Man kann sich den Auswirkungen kaum entziehen, den ein enger Kontakt mit leidenden Menschen hat. Wenn man sich in sie einfühlt, entsteht als natürliche Reaktion Mitgefühl, definiert als der Impuls, ihr Leiden zu lindern und zu helfen. Wenn dieses Helfen überfordert, entsteht Mitgefühls-Stress. Wenn dieser Stress über längere Zeit anhält, führt er zu Mitgefühlsmüdigkeit. Sie kann bei professionellen Helfern auftreten aber u. a. auch bei pflegenden Angehörigen. Mitgefühlsmüdigkeit tritt als Spezialform von Burnout im Feld der Arbeit mit intensiv leidenden Menschen auf. Aus der Sicht der buddhistischen Psychologie wirkt Mitgefühl nicht ermüdend, es kann im Gegenteil sogar Kraft und Energie geben. Helfende verausgaben und erschöpfen sich insbesondere dann, wenn sie auf das Ergebnis ihrer Bemühungen fixiert sind und sich beispielsweise von deren Erfolg und von Anerkennung abhängig machen. In diesem Fall ist es treffender, von Anhaftungsmüdigkeit zu sprechen (Germer 2010, S. 221-222).

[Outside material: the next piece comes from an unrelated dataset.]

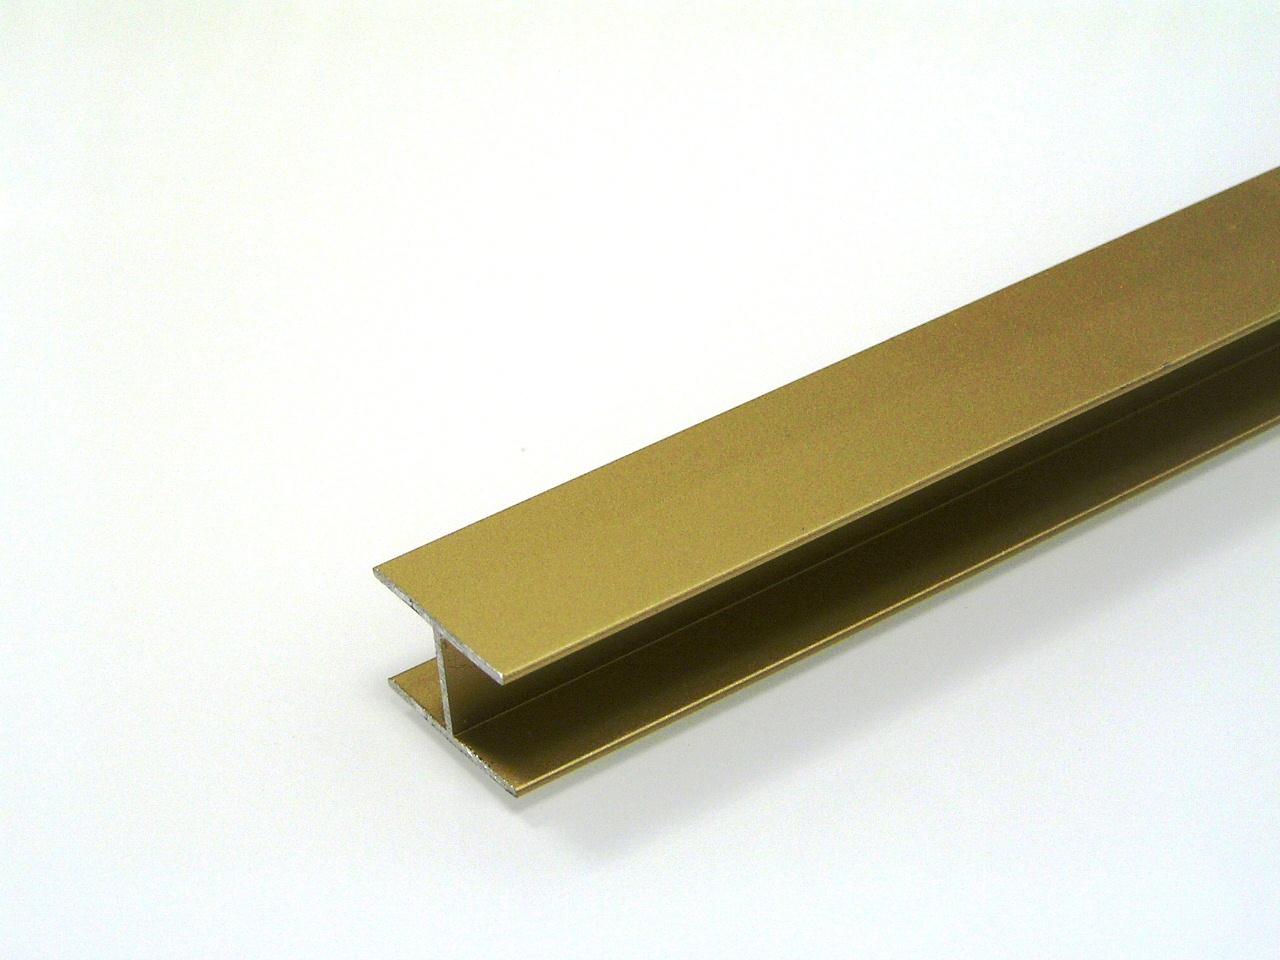 АФ Профиль соединительный, золото белое, 6000мм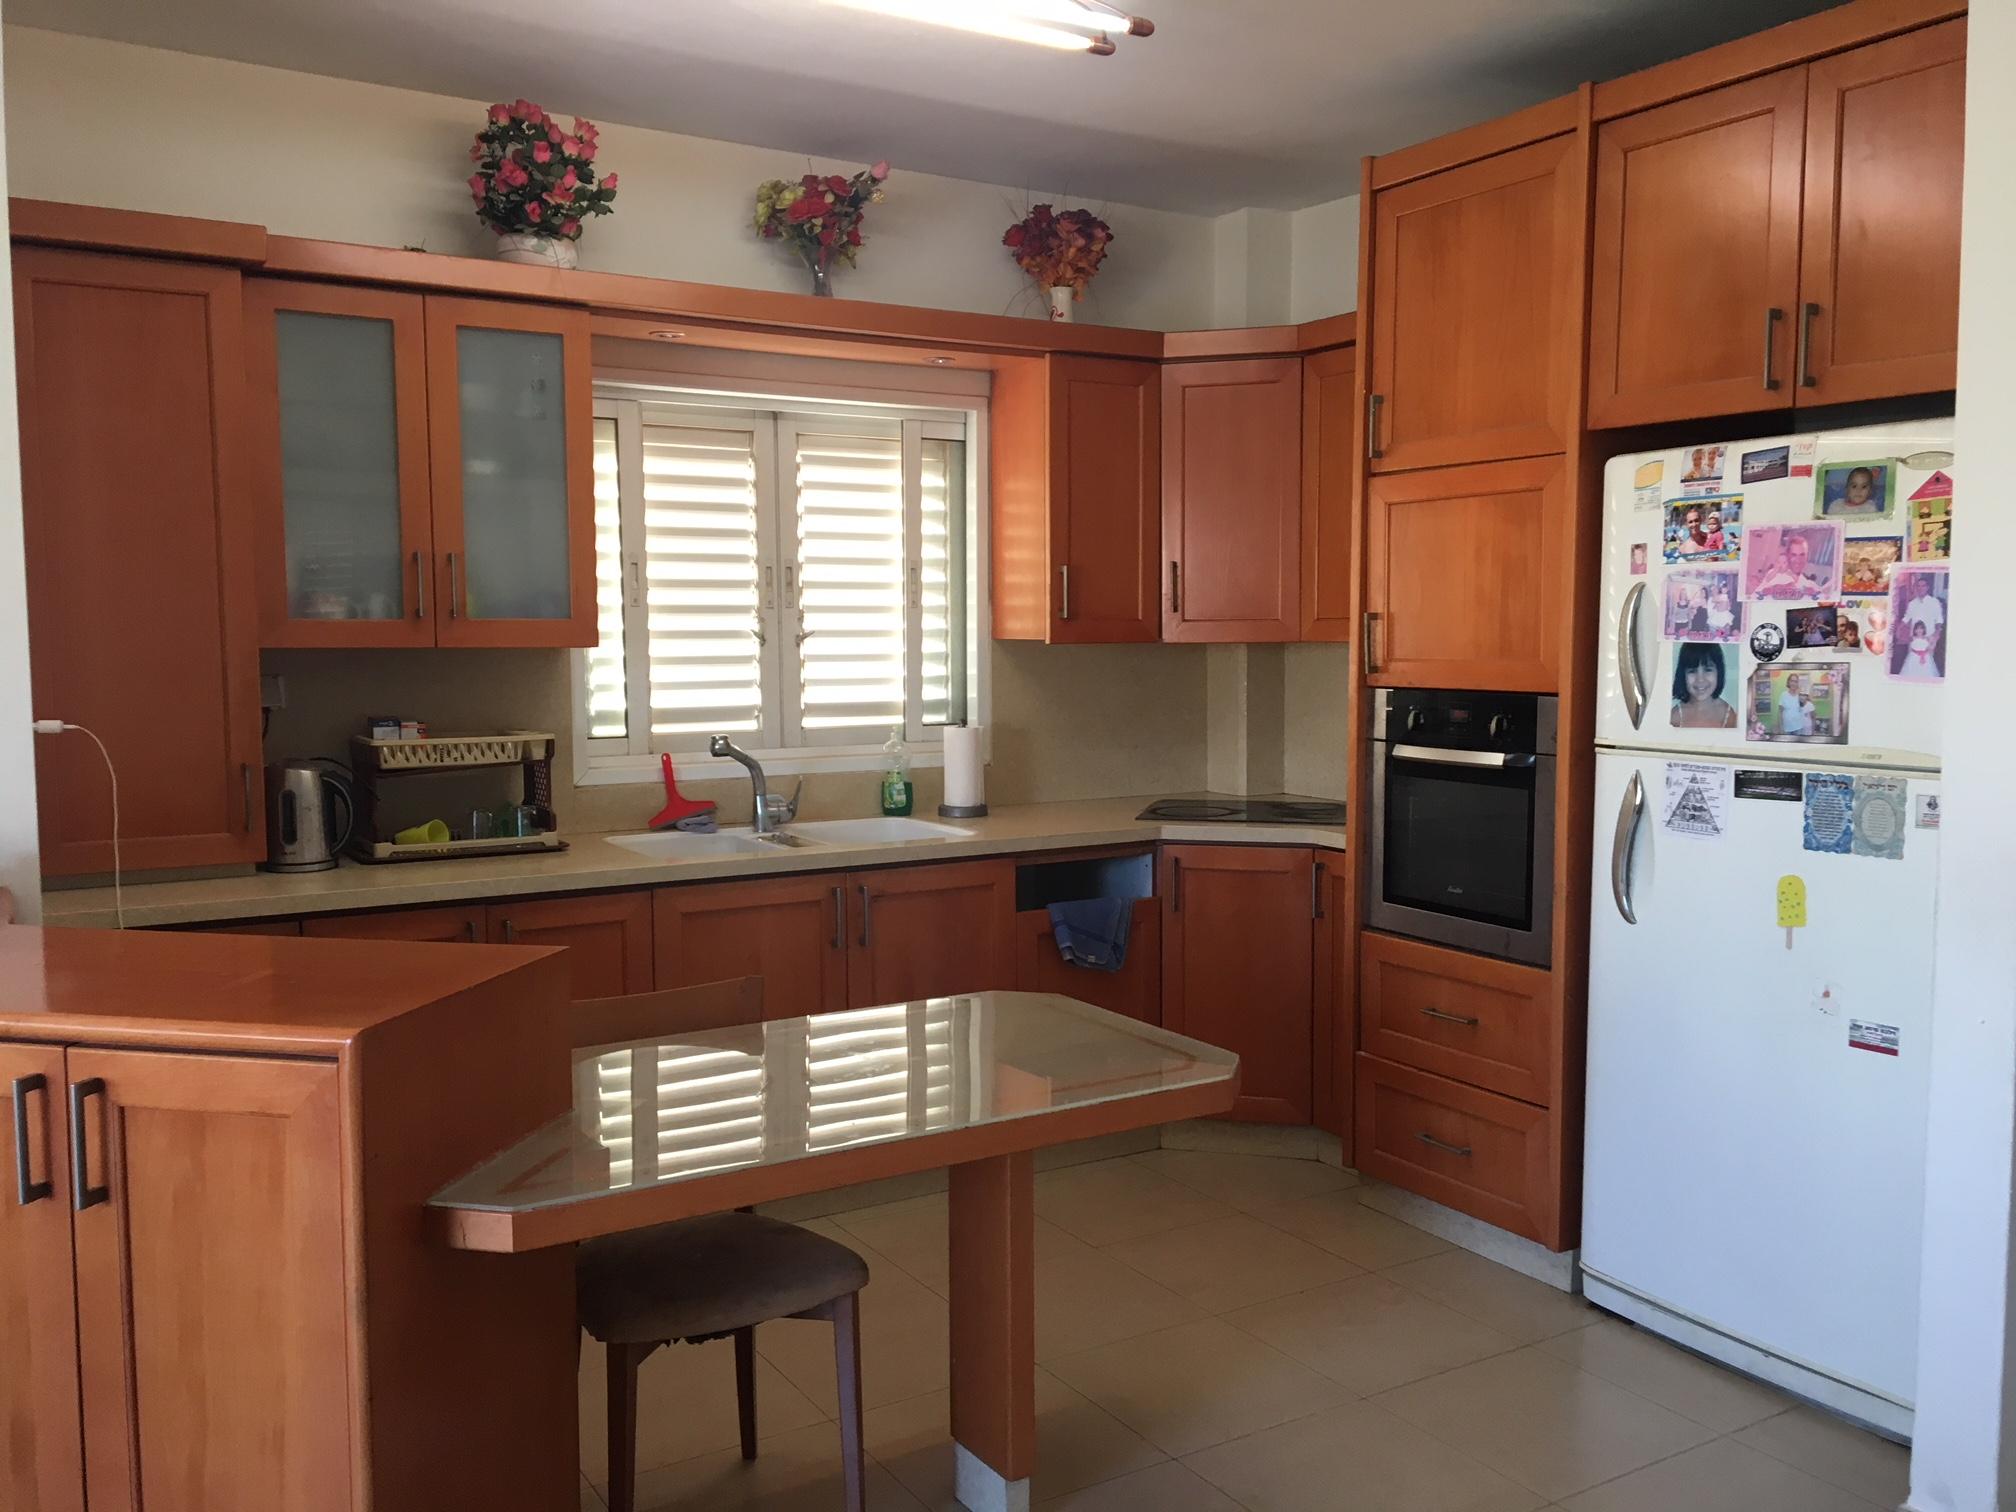 מעולה Ederealestate - דירות למכירה בגני תקוה - מגרשים במעש - דירות YA-01

Harrer (2013) Burnout und Achtsamkeit, Glossar

Der Begriff der Mitgefühlsmüdigigkeit (Compassion fatigue) wurde von Charles Figley (1995) geprägt und meint jene Symptomatik, die in der professionellen Arbeit mit traumatisierten Menschen auftreten kann. Er steht mehr oder weniger synonym mit dem Begriff der sekundären Traumatisierung bzw. dem sekundären posttraumatischen Belastungssyndrom (SPTBS).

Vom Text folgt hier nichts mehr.